When building theoretical models, however, one should remember about the limitations related to the adopted analysis method. In curved spacetime, the curvature described by the Einstein tensor will always be related to the four-force densities $f_{gr}^{\alpha }+f_{sec}^{\alpha }$. In flat spacetime, conditions (A23), (A27) and (A31) still seem reasonable.

3.2. Quantum Gravity

There is no universal agreement on the approach to developing quantum gravity [50] and so far research is being carried out using different methods in different directions. One of the research directions is canonical quantum gravity [51] with its attempt to quantify the canonical formulation of general relativity, the most promising example of which is Loop Quantum Gravity [52].

Work is also ongoing in the field of string theory, where M-theory [53] seems to be the leading area of research. There are also many other e.g. [54,55,56] less frequently cited studies that explore different, sometimes unusual [57] research areas.

Against the background of the above research directions, the dualistic approach represented by Alena Tensor seems very promising because it changes the research paradigm in two ways.

The first paradigm shift is that, according to the conclusions presented earlier, in the description provided by Alena Tensor, the Einstein tensor is not exclusively related to gravity. The introduction of additional interactions into the system causes an additional spacetime curvature term related to secondary interactions to appear in the curved spacetime in the Einstein tensor. This means a change in assumptions and a completely new way of perceiving the prospect of unifying the remaining interactions with gravity.

The second paradigm shift results from the very nature of the dualistic approach and concerns the lack of need to search for quantization methods in curved spacetime. According to the reasoning presented in the article and Appendix A, if one describes the field in flat spacetime by some field tensor and enters it into the Alena Tensor in the appropriate way, the equations in curved spacetime will naturally turn into the Einstein Field Equations.

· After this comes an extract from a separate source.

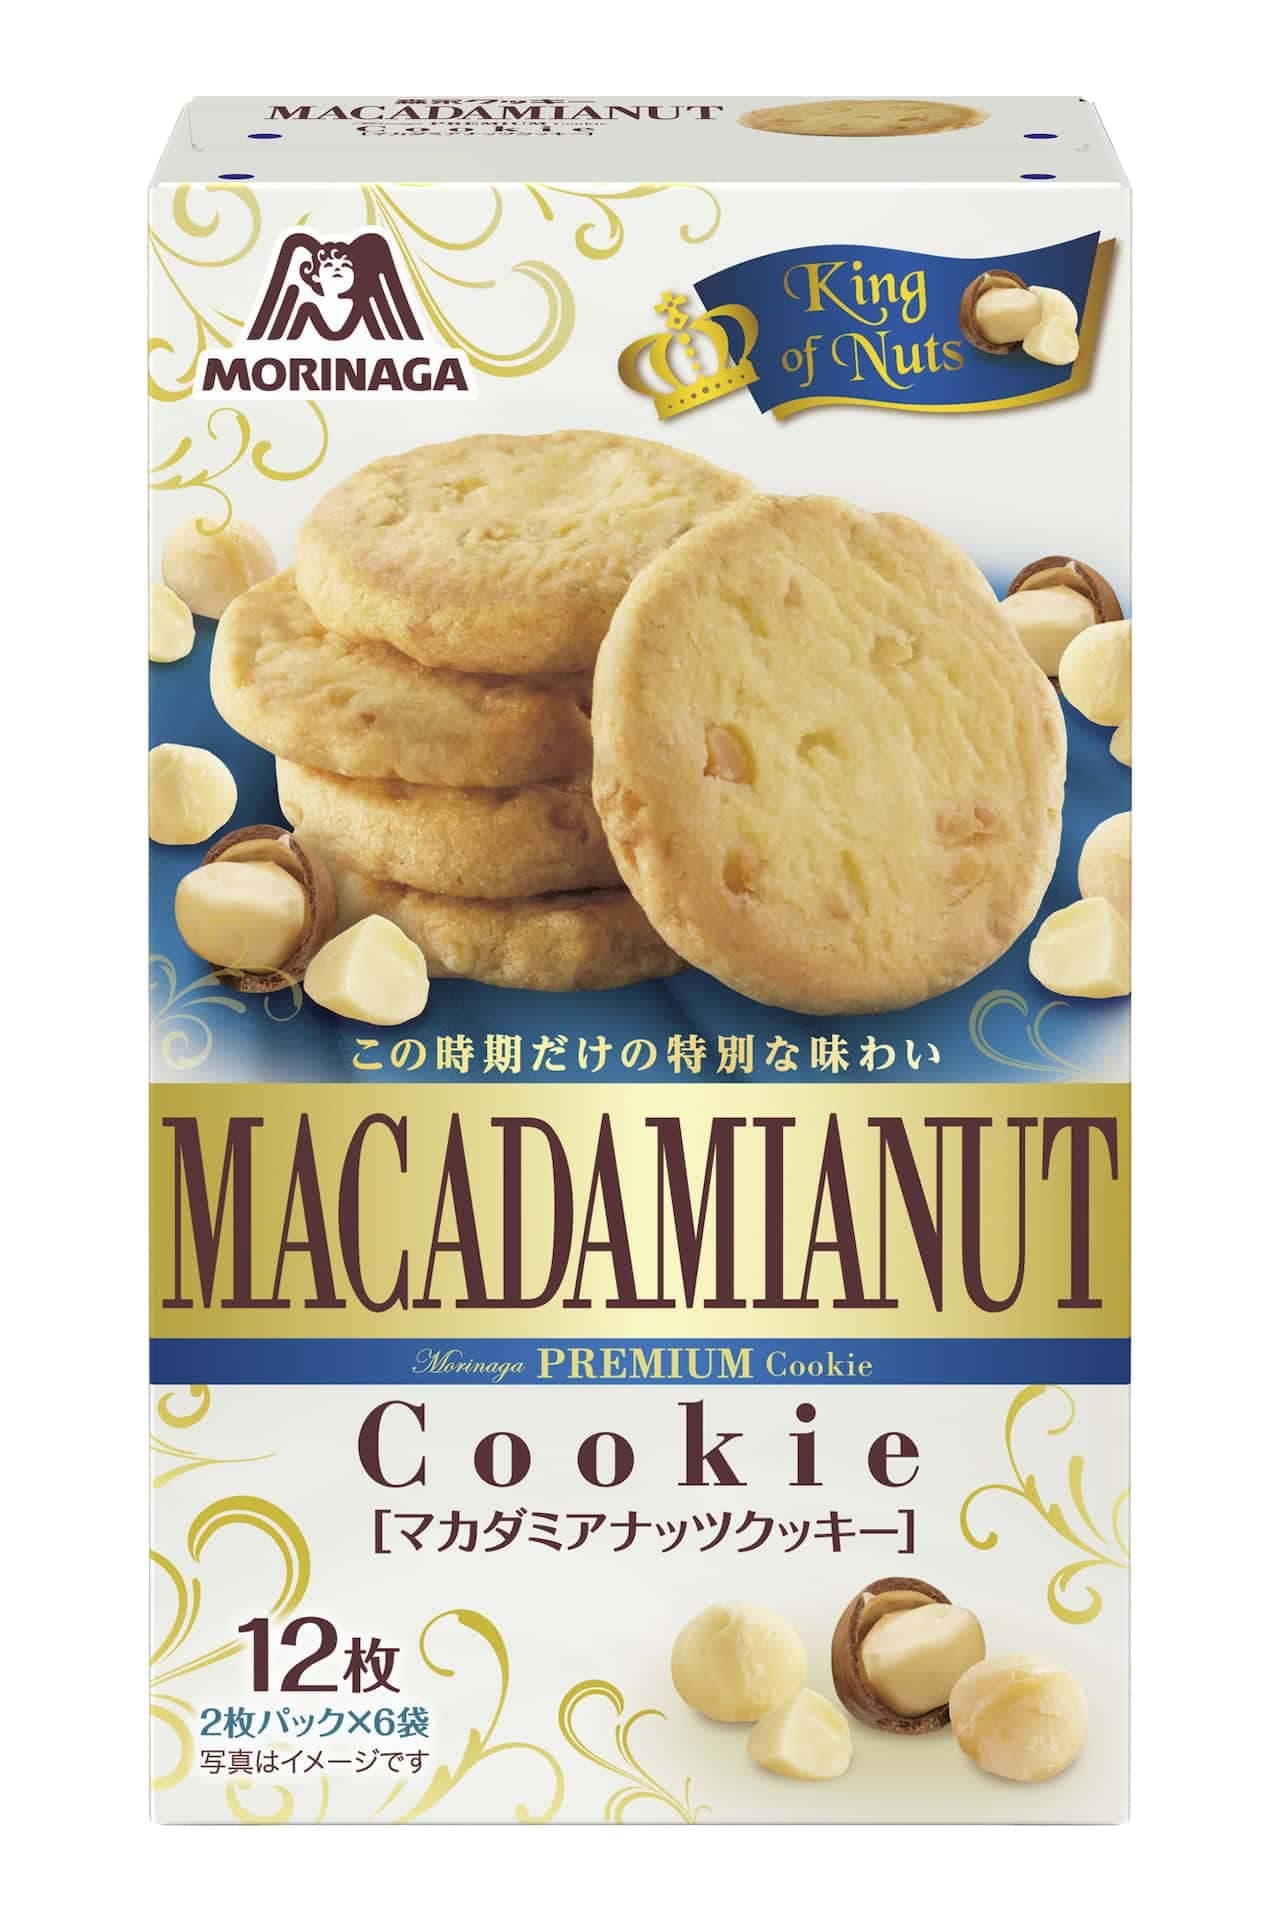 Macadamia Nut Cookies" from Morinaga Seika
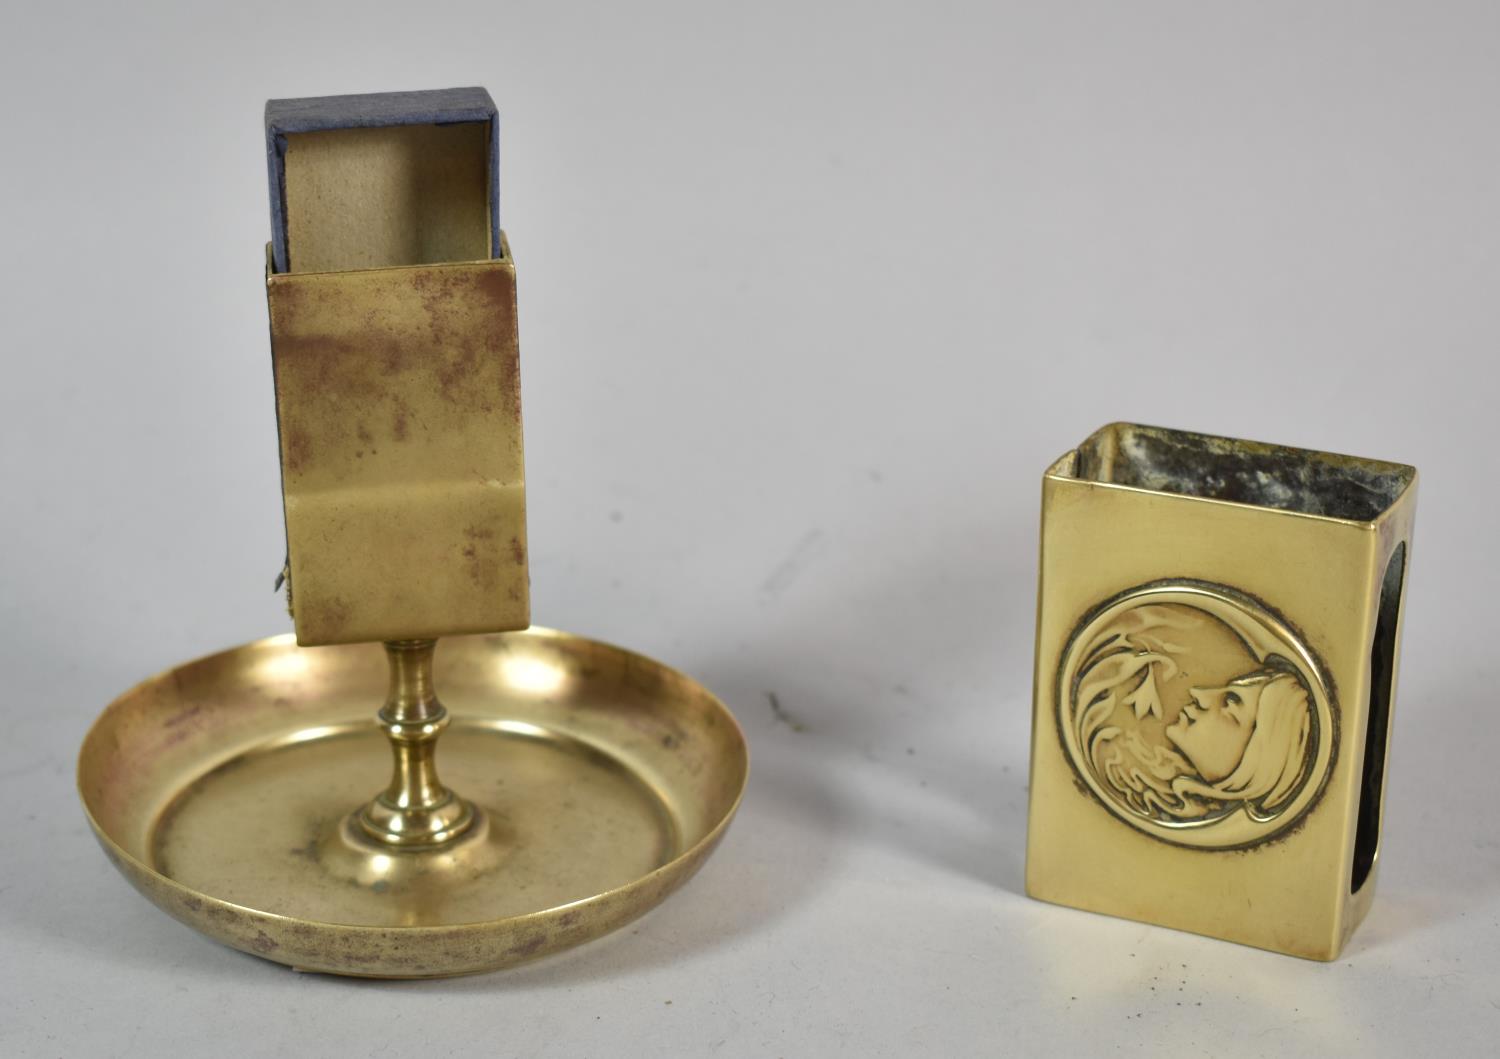 A Brass Match Box Holder with Circular Tray Base Together with an Art Nouveau Brass Match Box Holder

The second paradigm shift in particular seems to be extremely important from the point of view of research on quantum gravity phenomena. It also opens new possibilities for studying quantum phenomena in a strong gravitational fields.

Current research approaches to quantum problems in a strong gravitational field each time require the construction of an appropriate model in which the obtained results can be interpreted, either through careful selection of the observer [58], or making direct use of the principle of equivalence [59], or own, specific approach [60]. It also needed consideration of the specific quantum phenomena occurring in the vicinity of very massive objects, such as the Unruh effect [61] or Hawking radiation [62]. Thanks to the dualistic approach, such research can now be conducted in flat spacetime with fields and then the results can be analyzed in curved spacetime.

One of the natural directions of research seems to be the development of a field tensor that, in curved spacetime, provides the known metrics [63] used to describe gravity, extended by the term related to secondary interactions. The development of such a field tensor seems to be the first step towards building quantum gravity, this time - contrary to the direction described in the previous chapter - from the side of the General Relativity.

Interestingly, because the use of the Alena Tensor indicates the possibility of shaping the metric tensor of spacetime using a field, it also sheds new light on research on new drives [64], including the quantum effects [65] needed to analyze them. Although many QM and QFT problems seem unsolvable [66,67] using current paradigms, such as the Planck scale problems [68], previously mentioned paradigm shift can change this situation.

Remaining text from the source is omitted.